CLEVELAND — More than $40,000 in grant money given out to 14 organizations is already helping the City of Cleveland repair its recycling program by keeping materials out of the trash and recycling bins in the first place.
See a full list of all 14 organizations here.
It’s part of a series of steps the city is taking to reduce the amount of contamination in its recycling stream with the hope that it will be able to agree to a recycling contract by the end of 2021.
Vicki’s Home
“Our students and our kids in the [East Cleveland] community, they really don’t have any place to go or any extracurricular activities that they can do,” said Vicki’s Home President and Executive Director Leslie Thomas.
That’s why the mentorship and confidence-building programs it provides attracted Shaw High School 10th Grader Dajahnae Williams.
“When I first heard of it, I was kind of amazed that I could learn about self-love,” said Williams.
When Neighboring-Cleveland’s recycling program ended last year, Thomas thought up a plan to keep kids out of trouble and teach them how to keep old clothes out of the landfill.

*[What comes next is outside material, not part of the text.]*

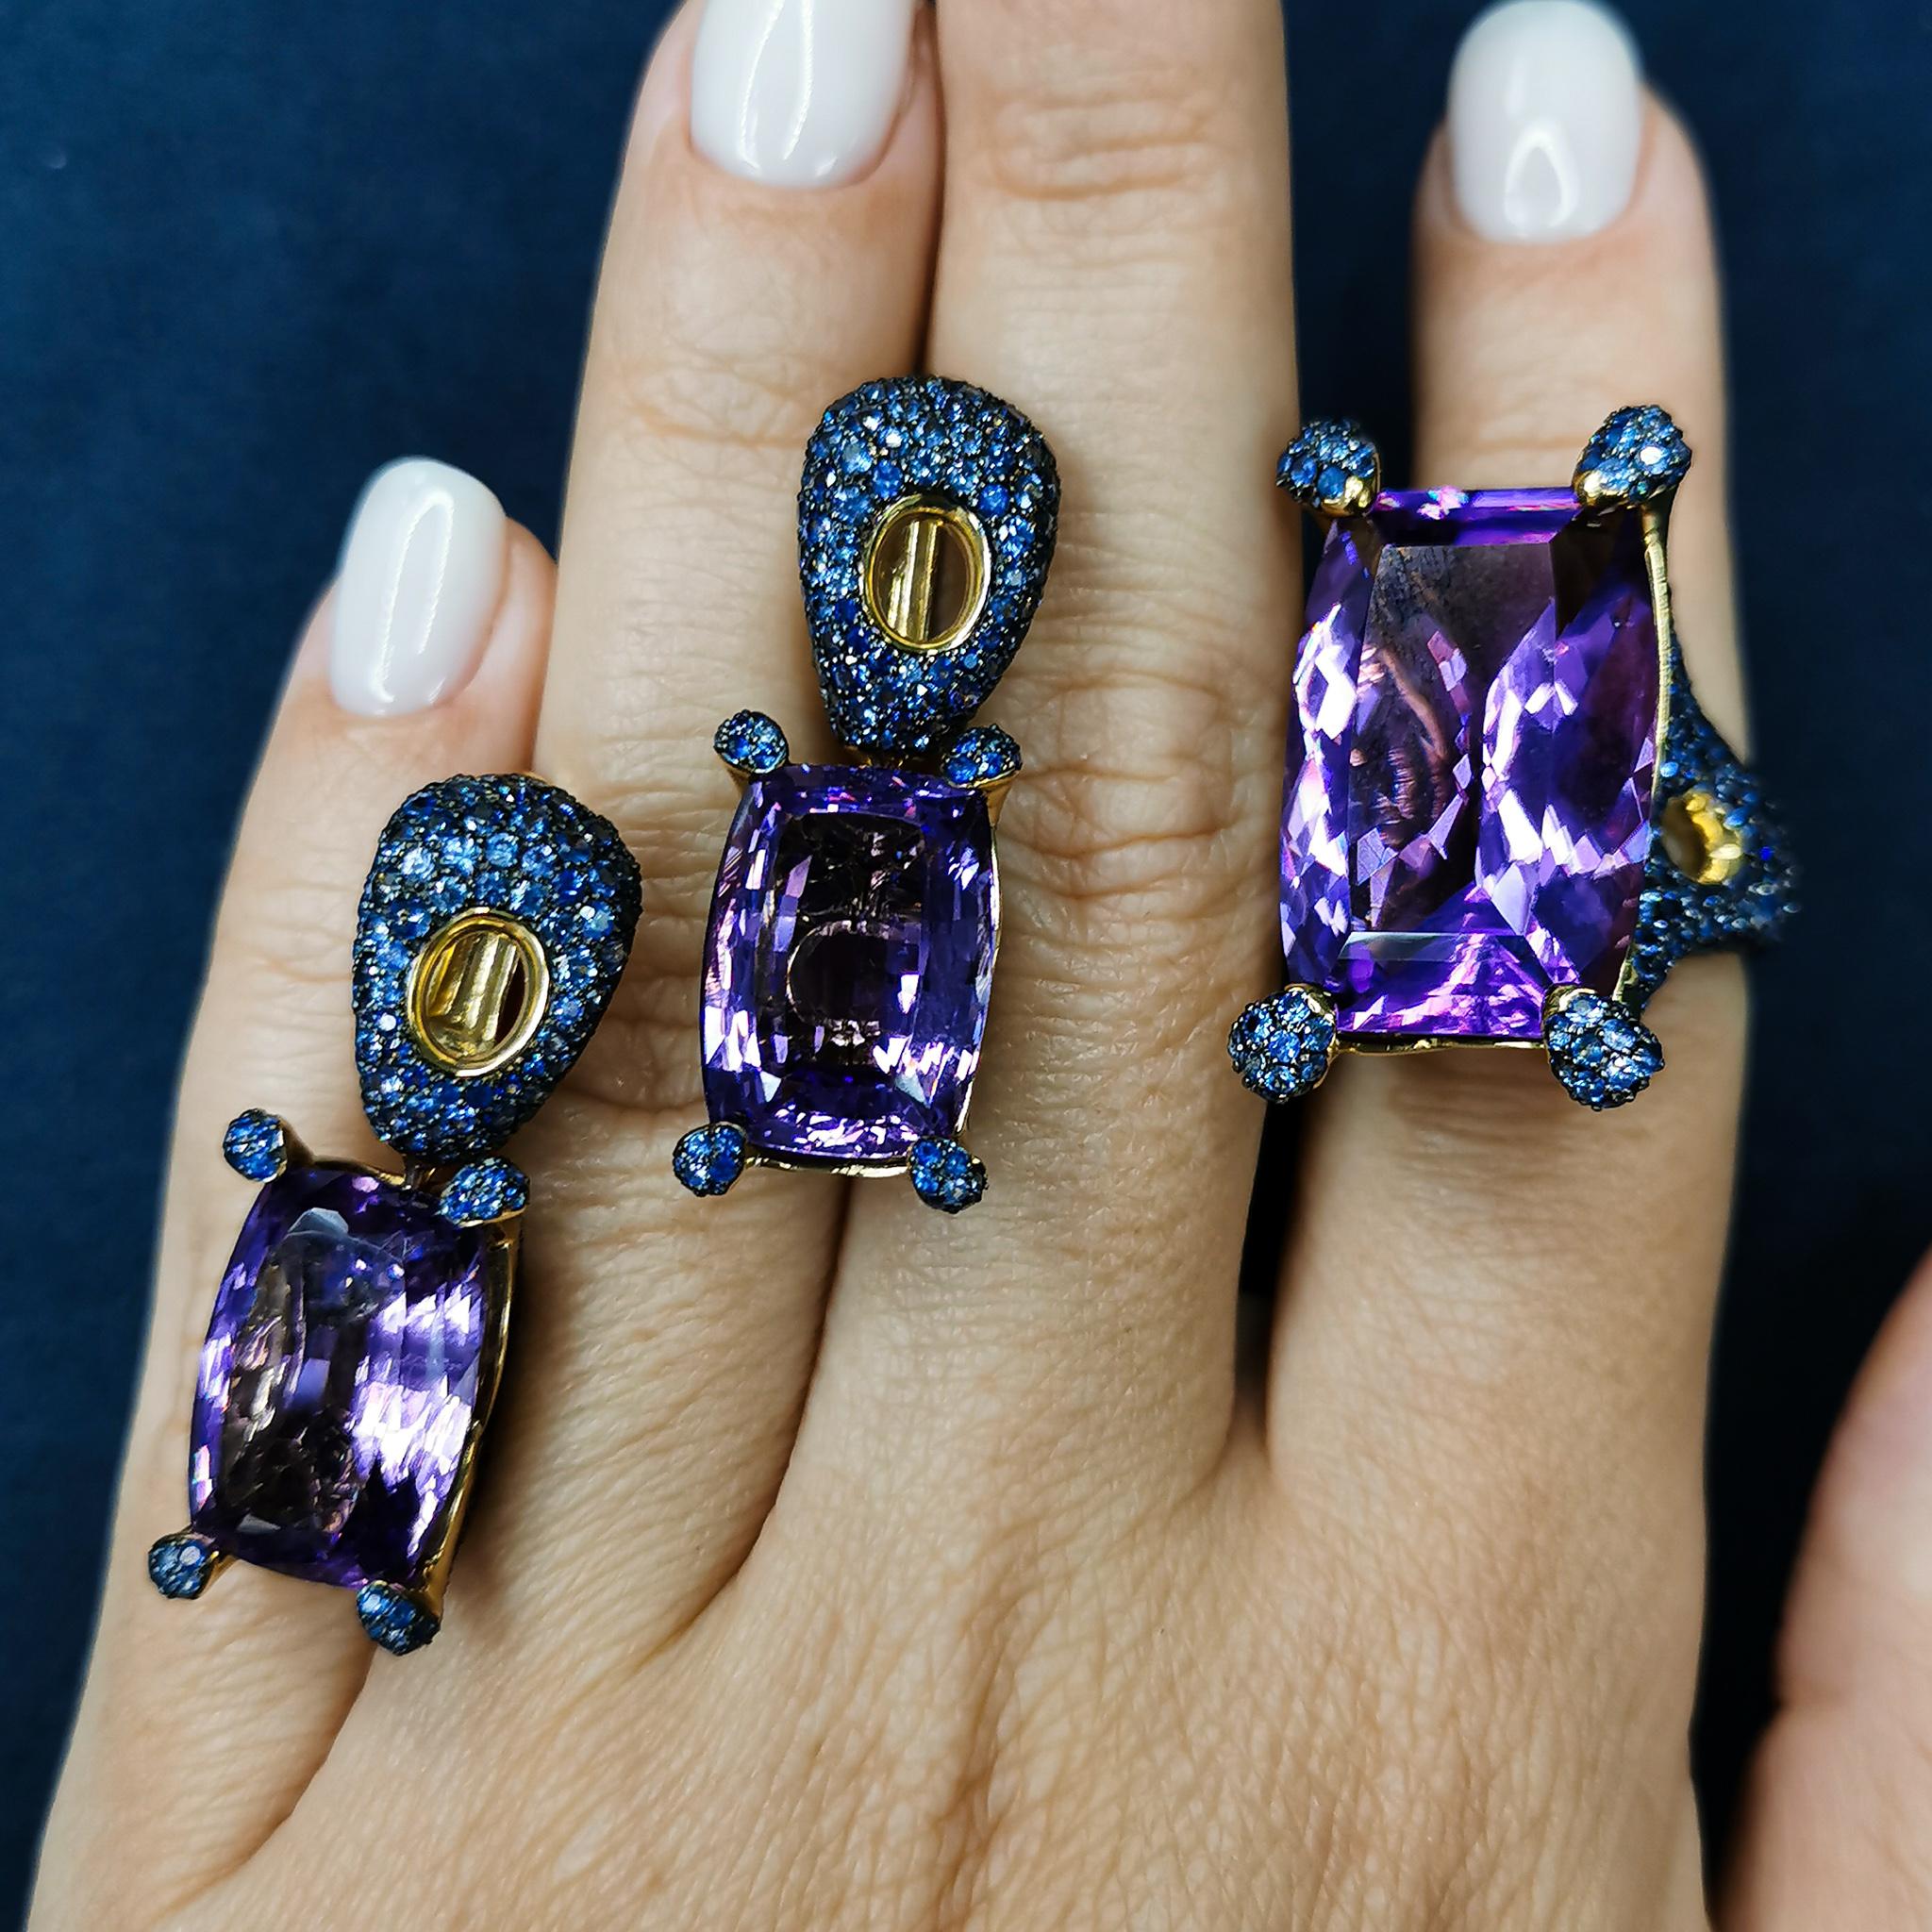 Amethyst Blue Sapphires 18 Karat Yellow Gold Suite
Highlighting an Amethyst and Blue Sapphires are mounted on an 18 Karat Gold lined with black rhodium. It displays a riveting interplay of contrast surfaces with the finest gemstones. Delicate color

“Our girls can use their old clothes and make them new so the program is called “out with the old and in with the new,” said Thomas.
Vicki’s Home got $3,000 from the City of Cleveland that Thomas says will go toward buying materials and sewing machines so the roughly 15 girls in her program can repurpose donated clothing for people in the community who might need it.
“You can help people that don’t have the things that you have,” said Williams.
Even though Vicki's Home works in East Cleveland, the City of Cleveland tells News 5, "Cleveland Neighborhood Connections provided additional funding (outside of the Circular Cleveland funds) to support projects in East Cleveland, which is also part of their service area."
Clean Garbage Recycling
Across town in Tremont, Clean Garbage Recycling got about $2,700 to expand its paper and aluminum recycling program that News 5 first reported on in December 2020.
“That was what I put in for, was to be a scrap collector,” said Clean Garbage Recycling Co-Founder Deb Smith.
Her grant paid for a trailer that sits in her driveway when she isn’t using it to collect scrap metal around Tremont. She then takes the scrap and aluminum collected through neighborhood drop off bins to processors herself.
“You know, a lot of times, if [scrap metal] will fit in the [garbage] can, people will put it in their can, and yet it’s metal, it’s got zinc, brass or copper, and aluminum,” said Smith. “All of those things are things that are easily recyclable.”
If you want to join the Clean Garbage Recycling Co-Op, you can email Smith at cleangarbagerecycling@gmail.com.
If you want more information about what is recyclable and where you can bring items that are too large for the curb, go to cuyahogarecycles.org.
Clean Garbage Recycling started collecting aluminum and steel in August 2020 and scrap metal in June 2021. Smith says it's collected:
- 2120 lbs of aluminum cans
- 2903 lbs of scrap steel/sheet iron
- 17 lbs of aluminum foil
- 14 lbs copper
- 8 lbs brass
- 28 lbs in motors
- 12 lbs in capacitors
- 3 A/C units
The problem
The City of Cleveland hasn’t recycled the materials put into the city’s blue curbside recycling bins since April 2020, when the city couldn’t agree to a recycling contract that it would accept. The bid it received was too high because the contamination in the city’s recycling stream was so high that it became much more expensive to process.
“The big challenge is educating people how to do it right,” said Cuyahoga County Solid Waste District Executive Director Diane Bickett at the time. “We learned from the company that was handling [Cleveland’s] material, Kimble, that it was at 65% [contamination]. So it was more trash than recycling.”
The solution
A consultant’s report detailed problems with the existing recycling system and offered the city options to fix it.
The first few steps include hiring a Recycling Coordinator to oversee the program, having residents opt-in for curbside pick up, and using roughly $475,000 in grants from the Robert Wood Johnson Foundation to promote the “circular economy” in the city. The goal is to promote programs that allow residents to reuse materials on their own so they don’t get recycled in the first place but also aren’t thrown away.
“We are not going to recycle our way out of waste challenges,” said Cleveland Chief of Sustainability Jason Wood. “You just can’t do it. So we really need to focus on the other R’s: the Reduce and the Reuse.”
$75,000 of that money is being used for $3,000 micro-grants to help grassroots efforts like Smith’s and Thomas’.
Wood and Smith agree that no single action is going to fix the issues with the city’s recycling program, but each small step helps.
“We have to raise awareness so that people value recycling,” said Smith. “They see it as a way to help achieve these goals.”
Opting In
If you would like to opt in for Cleveland’s curbside recycling program, you need to do it before October 22, 2021 at this link.
You can find more information about the circular economy grants here. The City of Cleveland tells News 5 it expects Phase 2 grants to open in early 2022 after the Circular Cleveland roadmap is completed.